Whilst my offspring and my new common-law-daughter-in-law were having adventures I have been busy having adventures of my own.
Mark went off to the farm and whilst he was gone I tried my hand at making an interesting creation called bannock. I have never made this before, but have bought it in Booths whilst on an Ethical Shopping trip, and liked it. Since it is three quid for a tiny loaf in Booths I thought I would try my hand at making some.
The first attempt at making something is always a bit tiresome, because you have got to follow the instructions. Once you have done it you know what is supposed to happen and you can do what you feel like. I followed the instructions carefully, except the ones for which I had better ideas, and after an hour and a half burping to itself in the oven, finally I had an enormous dollop of bannock.
Unfortunately it looks like nothing quite as much as a large cow pat, the sort you might get with early spring grass.
Apart from that it seems to taste quite all right. We have taken some to work with us, and on the whole I am pleased with the result.
It cant be that bad because half of it had been eaten before we even left.
This mid-afternoon picnic happened because of the arrival of our new lodger.
This was the other excitement in the day. We have got a lodger in our loft for the summer.
She is an old school friend of Number Two Daughter’s, and has come here to work, given Windermere’s seasonal excess of job vacancies and desperate shortage of anybody who can keep breathing for long enough to do them.
She arrived here at five, and by half past she had changed, hastily swallowed a cup of tea-with-bannock, and disappeared to serve dinners in the Chinese restaurant.

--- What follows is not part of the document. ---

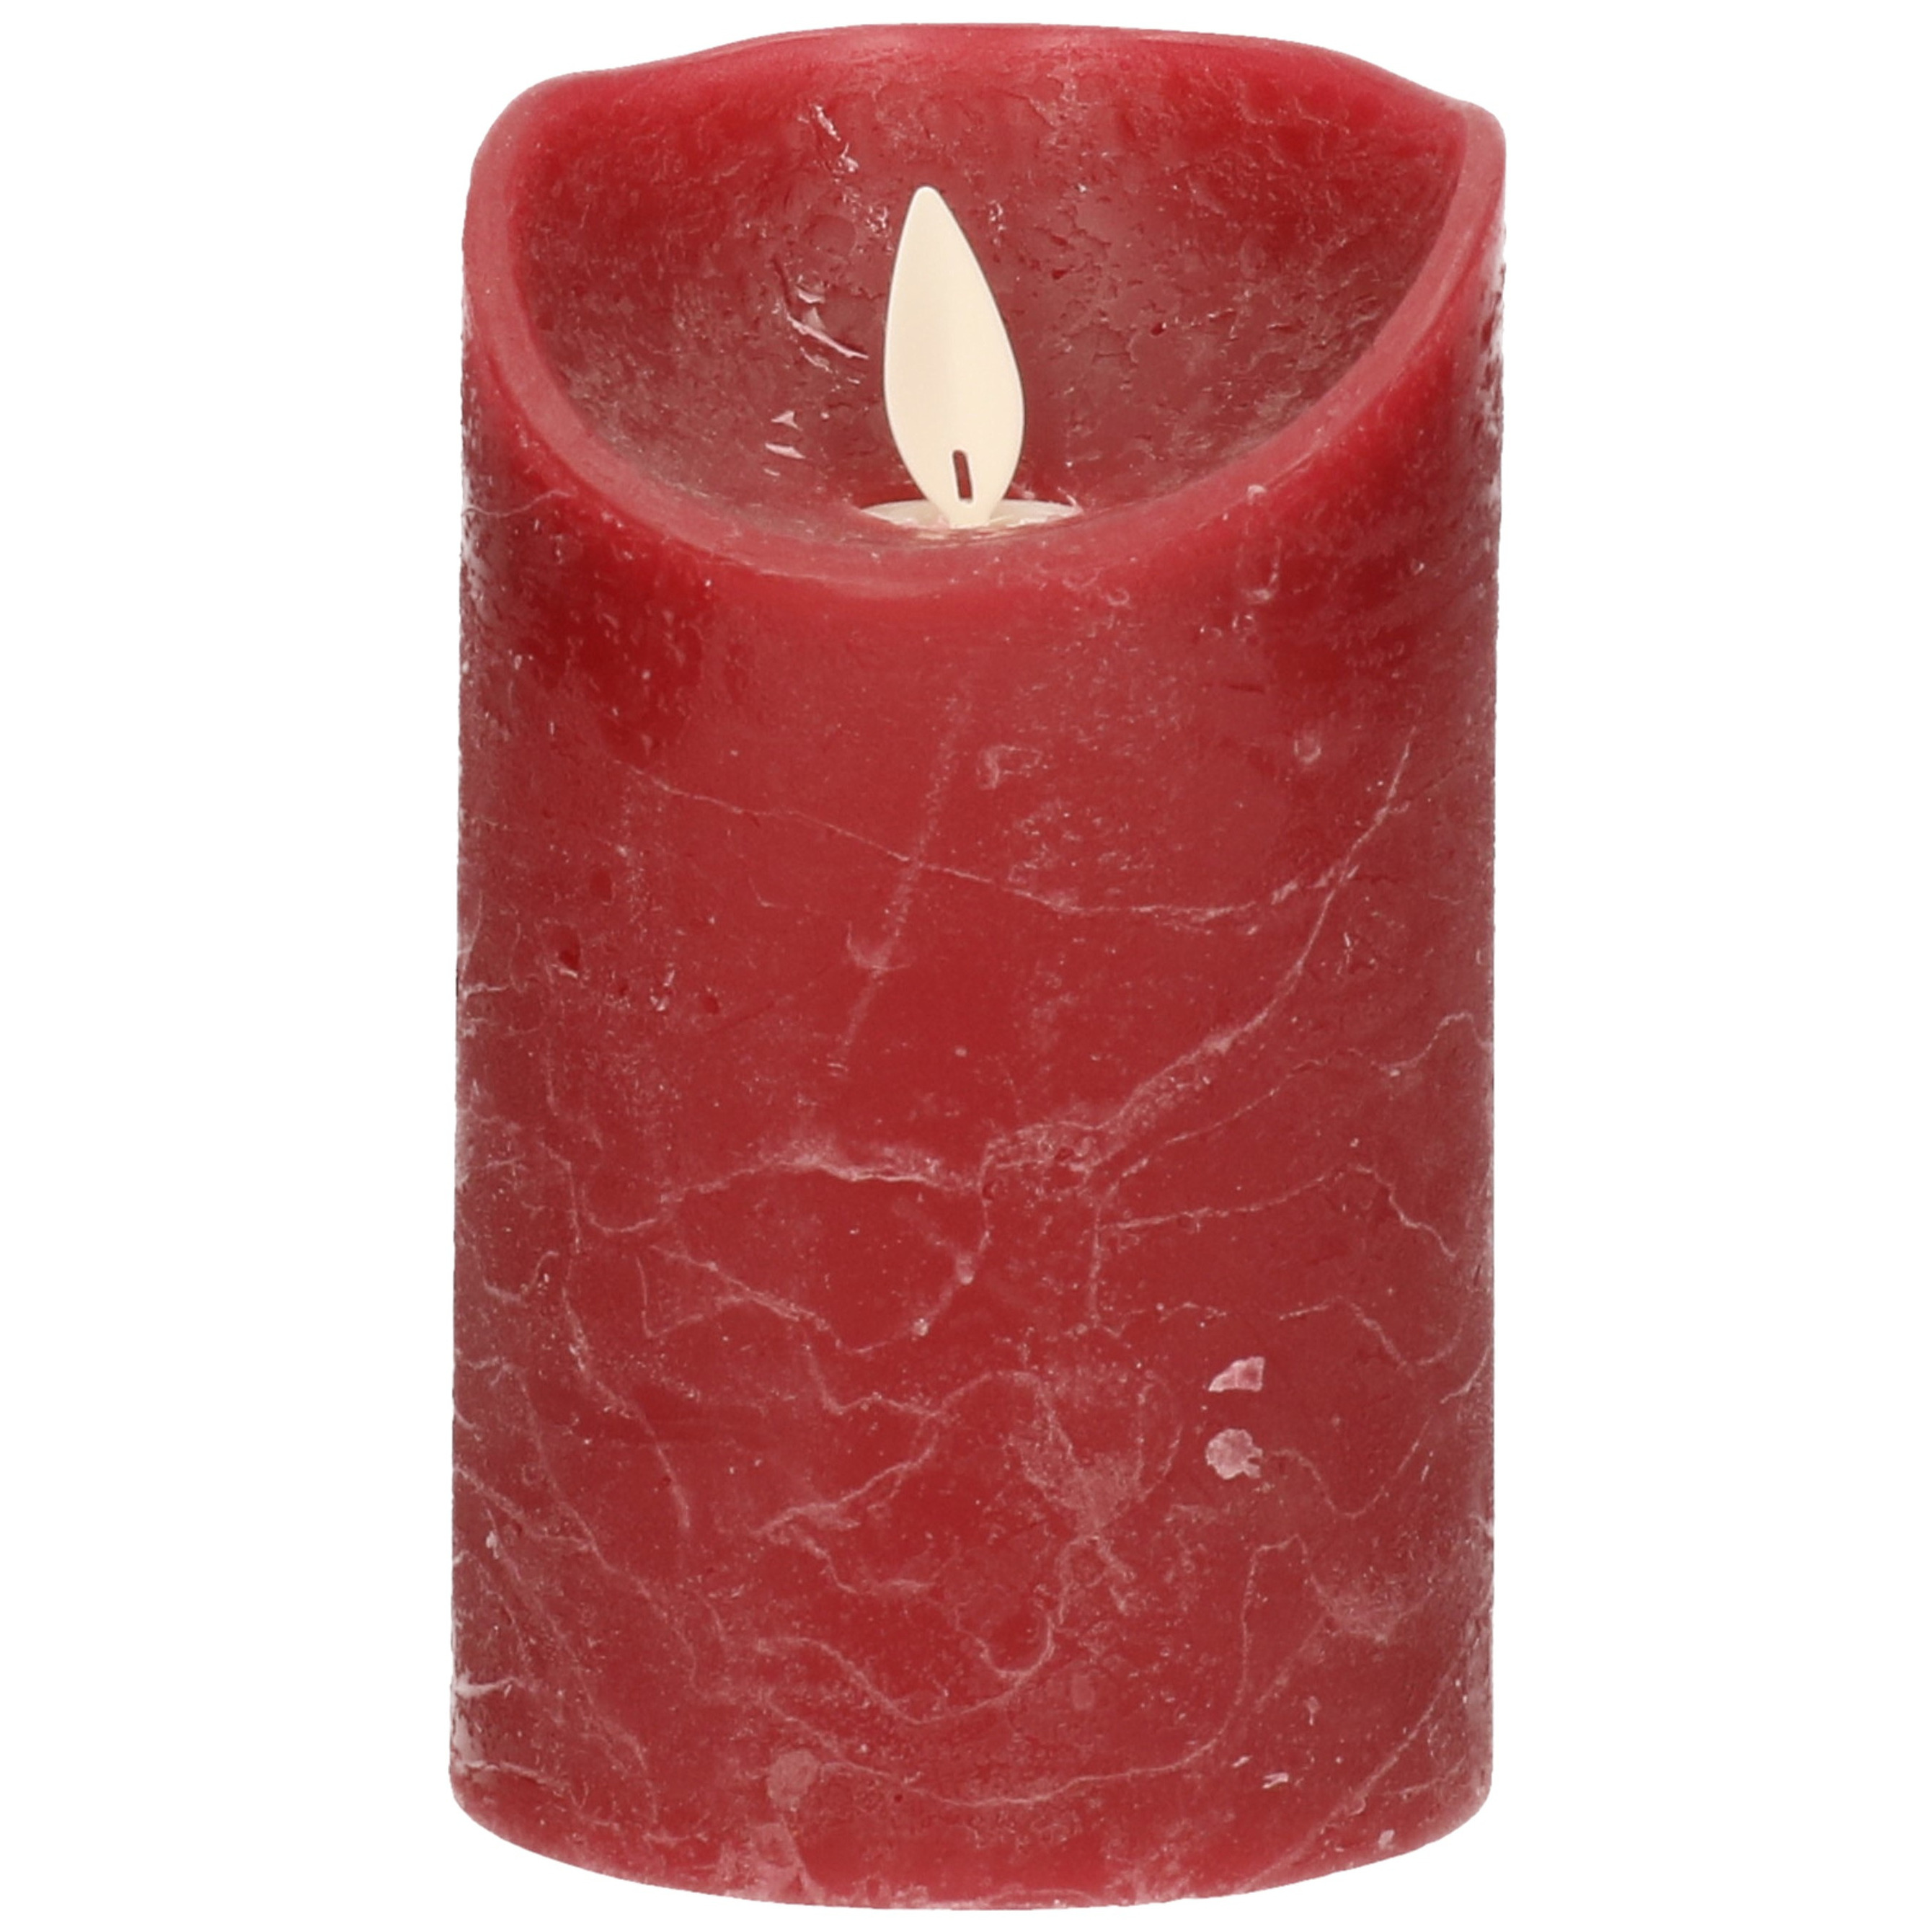 1x Bordeaux rode LED kaarsen / stompkaarsen met bewegende vlam 12,5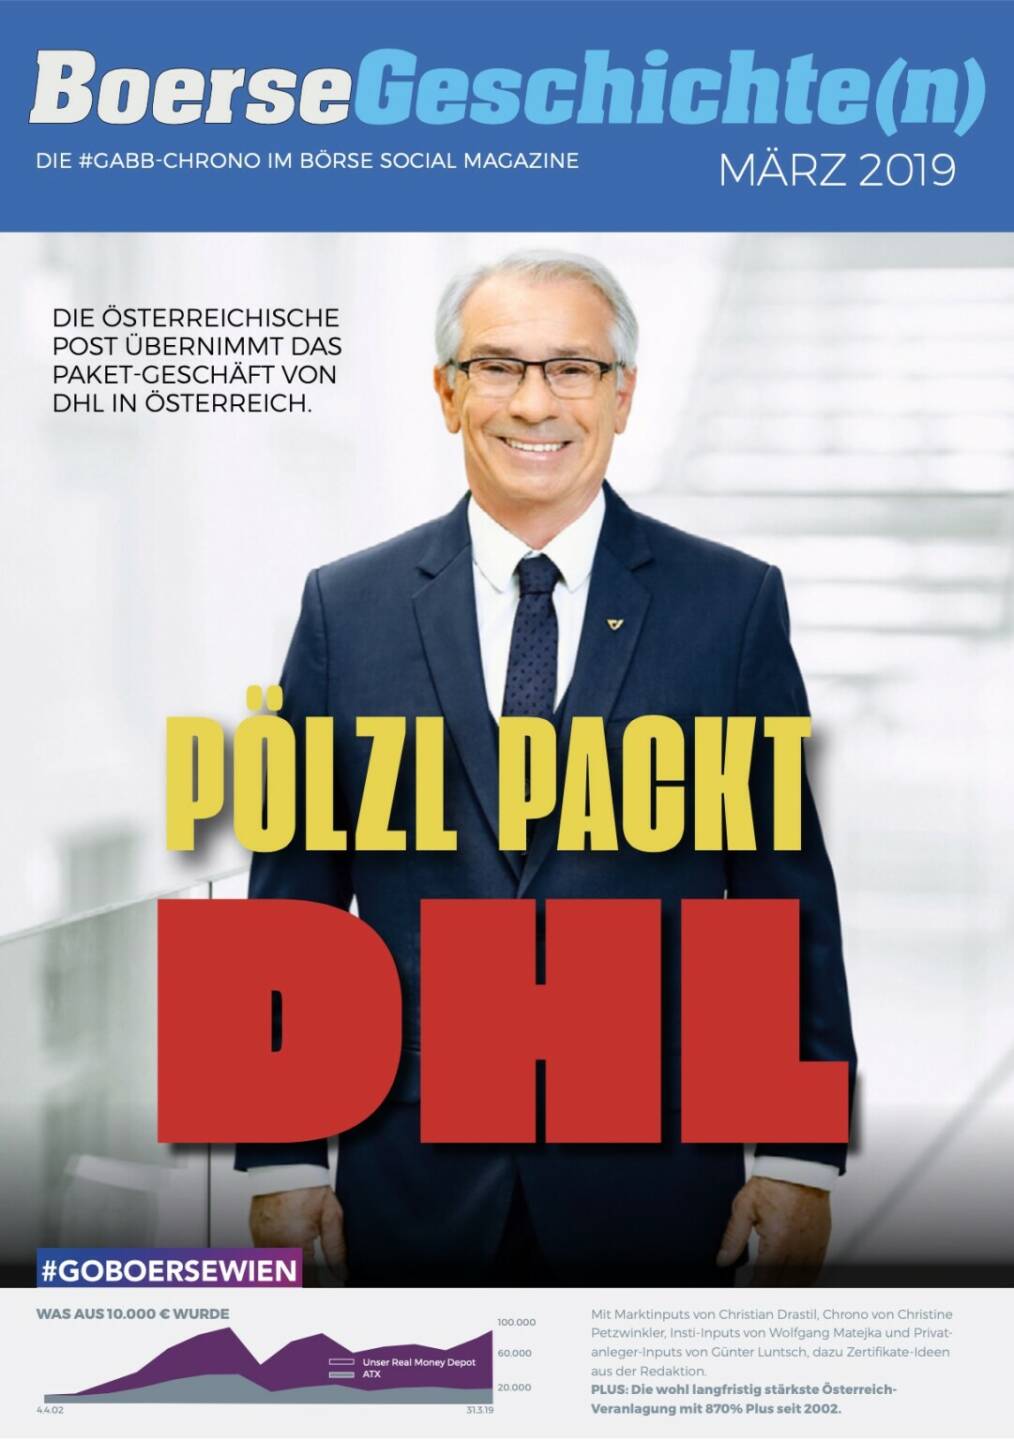 Börsegeschichte(n) März 2019 - Pölzl packt DHL

She has several more interviews over the next couple of days, her plan being to get a day job as well.
I picked her up at the end of her night, and left her at home to puzzle whether or not she might manage to juggle a job in a restaurant, a job in an hotel, a job in a shop and a job in a garage.
It doesn’t sound as though we are likely to see very much of one another.
She will be exhausted by the time it is all over.